A positive GM-CSF autoantibody test confirms the diagnosis of aPAP, and is the preferred method for diagnosis in patients with symptoms and imaging that are compatible with aPAP. Patients with PAP who are found to have a negative GM-CSF autoantibody test are classified into secondary PAP, hereditary PAP, congenital PAP or unclassified PAP. Individuals who have a condition known to cause secondary PAP are diagnosed with secondary PAP. Patients with no known underlying causative conditions should be tested for serum GM-CSF levels and GM-CSF signalling.4

Results that show elevated serum GM-CSF levels and reduced or absent GM-CSF signalling, should prompt further testing for CSF2RA and CSF2RB mutations that identify hereditary PAP.37 If CSF2RA and CSF2RB mutations are absent, but the individual has a histology that is compatible with PAP, individuals are then diagnosed with unclassified PAP.4

If results indicate physiological levels of serum GM-CSF and GM-CSF signalling, tests should be performed for mutations in surfactant-related genes. If positive for these mutations, then individuals are diagnosed with congenital PAP. If negative, and histology is compatible with PAP, they are then diagnosed with unclassified PAP.4 Notably, diagnoses other than aPAP or secondary PAP remain rare.

Management

Some patients with PAP remain asymptomatic and do not require treatment at all. For those who develop progressive disease, treatment is focused on alleviating symptoms, preventing further disease progression, and improving quality of life. Currently, there is no cure for PAP, and specific treatment strategies depend on the underlying disease that is causing the PAP.3 Patients who progress to end-stage respiratory failure, typically due to pulmonary fibrosis, may require lung transplantation.3,38,39

Whole-lung lavage

WLL is considered the current standard of care for treatment of aPAP,40 and has been a cornerstone of PAP therapy since its introduction in the 1960s.12 In addition to aPAP, WLL can be used to treat some causes of secondary PAP, but not congenital PAP.3 WLL is an invasive procedure that requires general anaesthesia. A double-lumen endotracheal tube mechanically ventilates one lung, while the other is repeatedly filled with saline (up to 50 L per lung), to physically clear the surfactant sediment.3 The procedure is typically performed in two separate sessions, with one lung being treated per session.

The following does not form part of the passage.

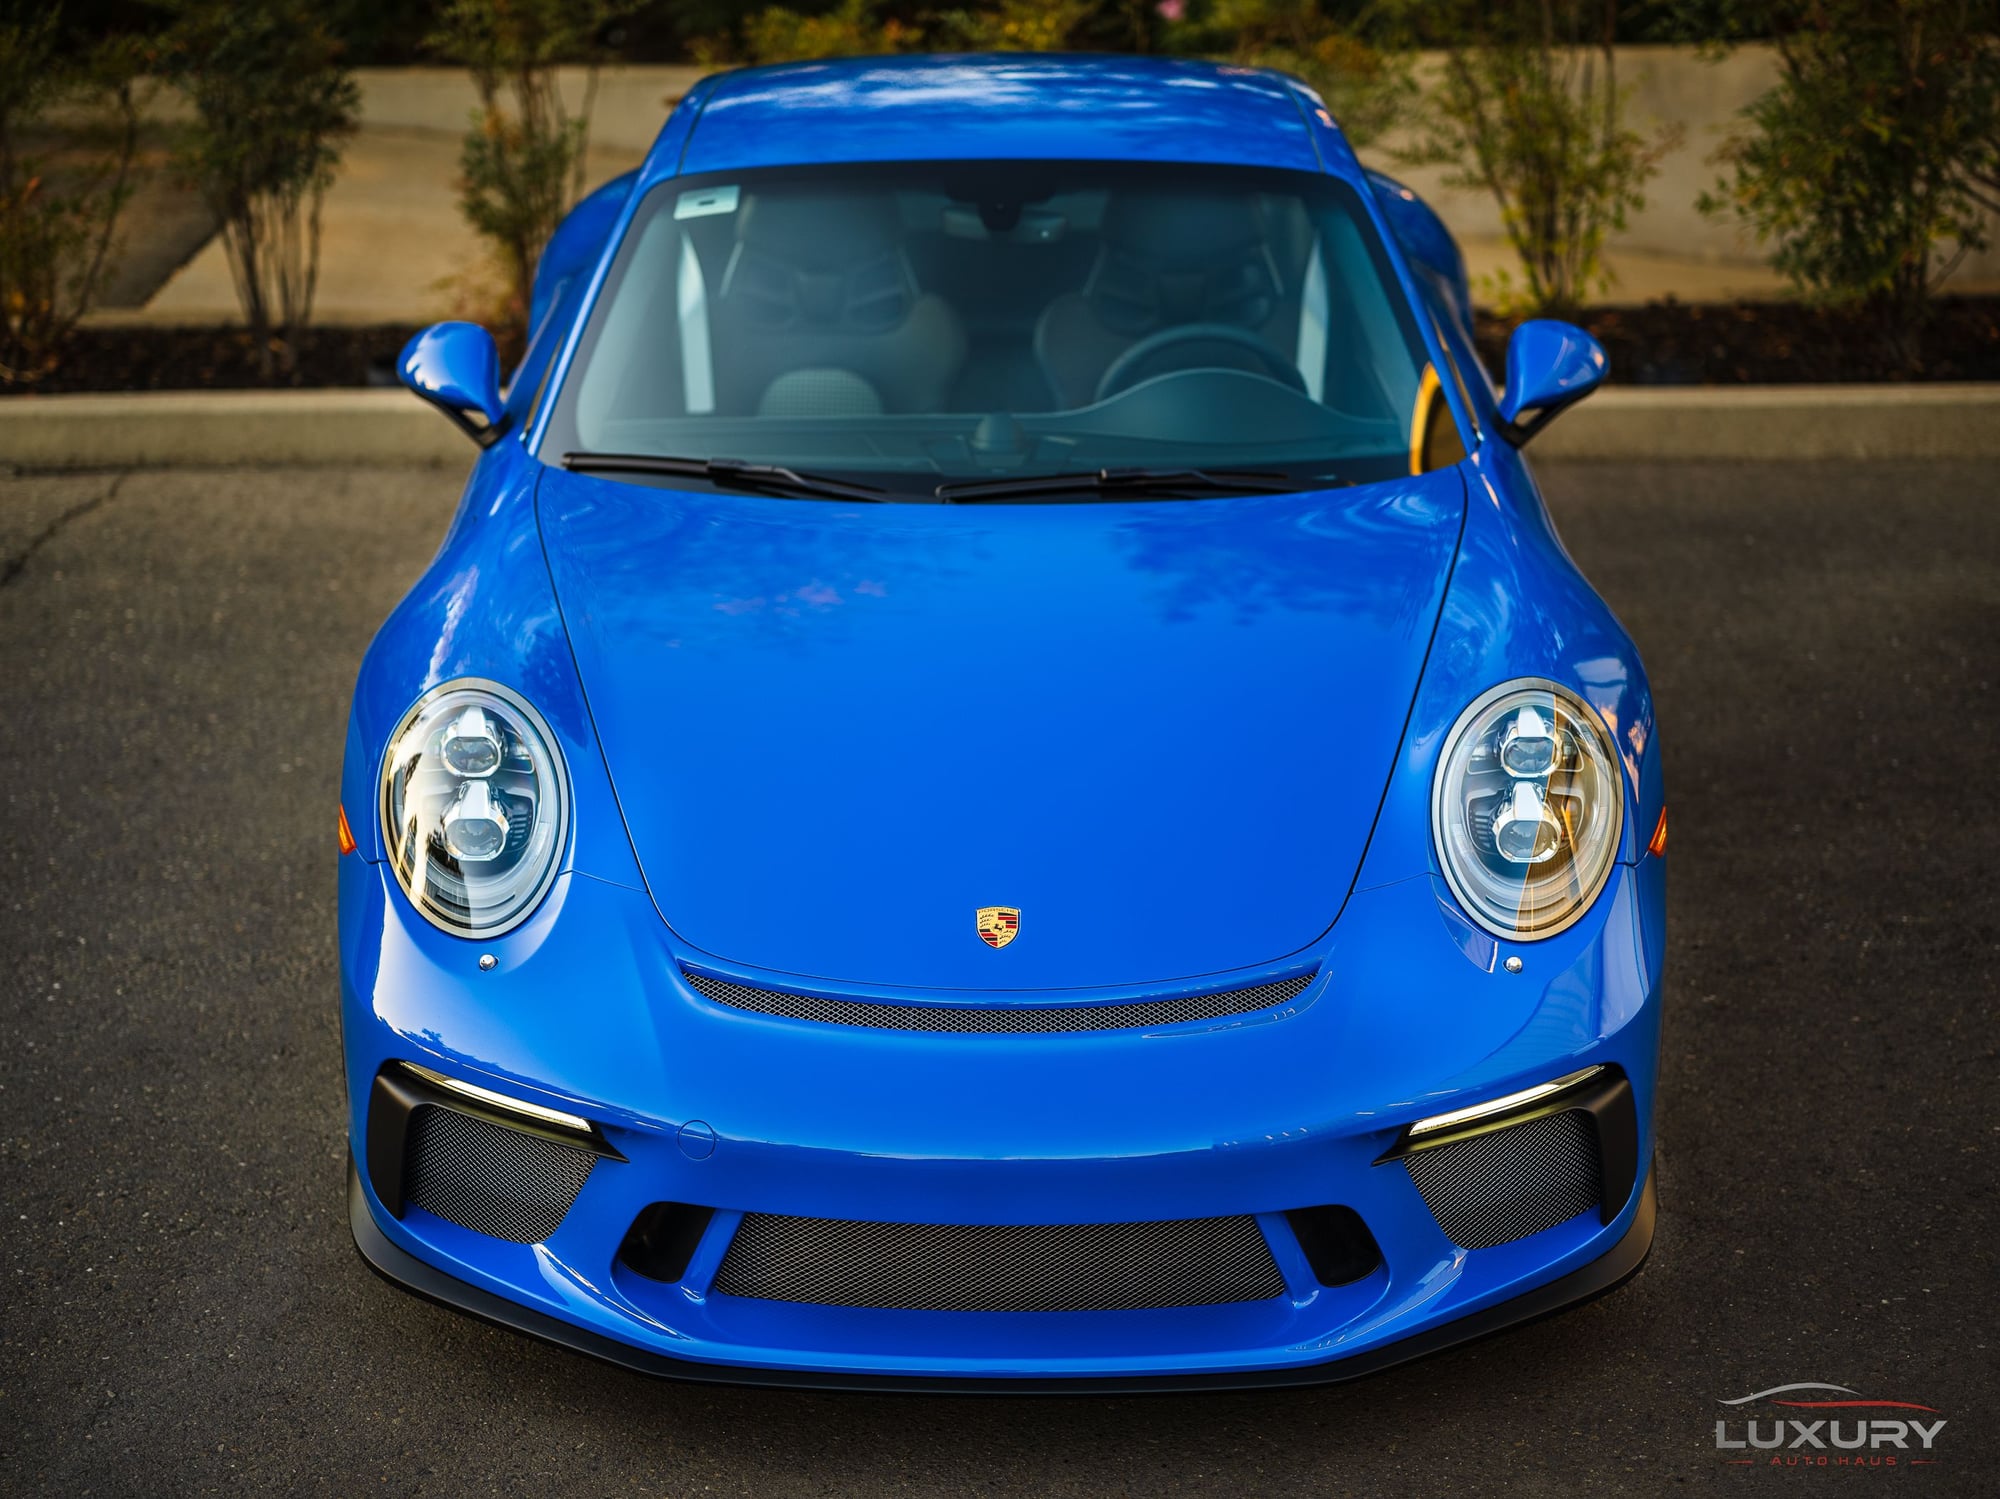 2019 Porsche GT3 - 2019 Porsche 911 GT3 Touring PTS Nogaro Blue Metallic - CXX, 400 Miles, PPF, 1 of 1 - Used - VIN WP0AC2A91KS149139 - 410 Miles - 6 cyl - 2WD - Manual - Coupe - Blue - Sacramento, CA 95742, United States

WLL is typically pursued due to worsening respiratory symptoms that affect quality of life, and/or a decline in pulmonary function testing.3,39 Although it is widely used to improve symptoms, radiographic findings and oxygenation in patients,19,41–43 there are no standardized or specific indications for WLL.3,19,39 It remains highly operator-dependent and may involve concomitant thoracic percussion to enhance removal of protein, washing of the contralateral lung during the same procedure, and changing of positions during lavage.40,44,45 No prospective studies or randomized clinical trials have demonstrated the true efficacy of WLL. Retrospective data, however, show an increase in survival with the 5-year actuarial survival rate (standard deviation) from diagnosis being 94% (± 2%) in those who underwent WLL compared with 85% (± 5%) for those who did not undergo WLL.21 Interim results from a phase II trial have also shown that WLL used in combination with inhaled exogenous GM-CSF (described in further detail below) may be more effective than WLL alone.46

Complications of WLL include fever, hypoxemia, wheezing, acute respiratory distress syndrome, pneumonia, pneumothorax, pleural effusion, cardiac arrest, and rarely, death.3,43,47 The differences in technique, however, make it challenging to interpret this data clinically. Mortality may be underestimated, since the majority of data is derived from case reports.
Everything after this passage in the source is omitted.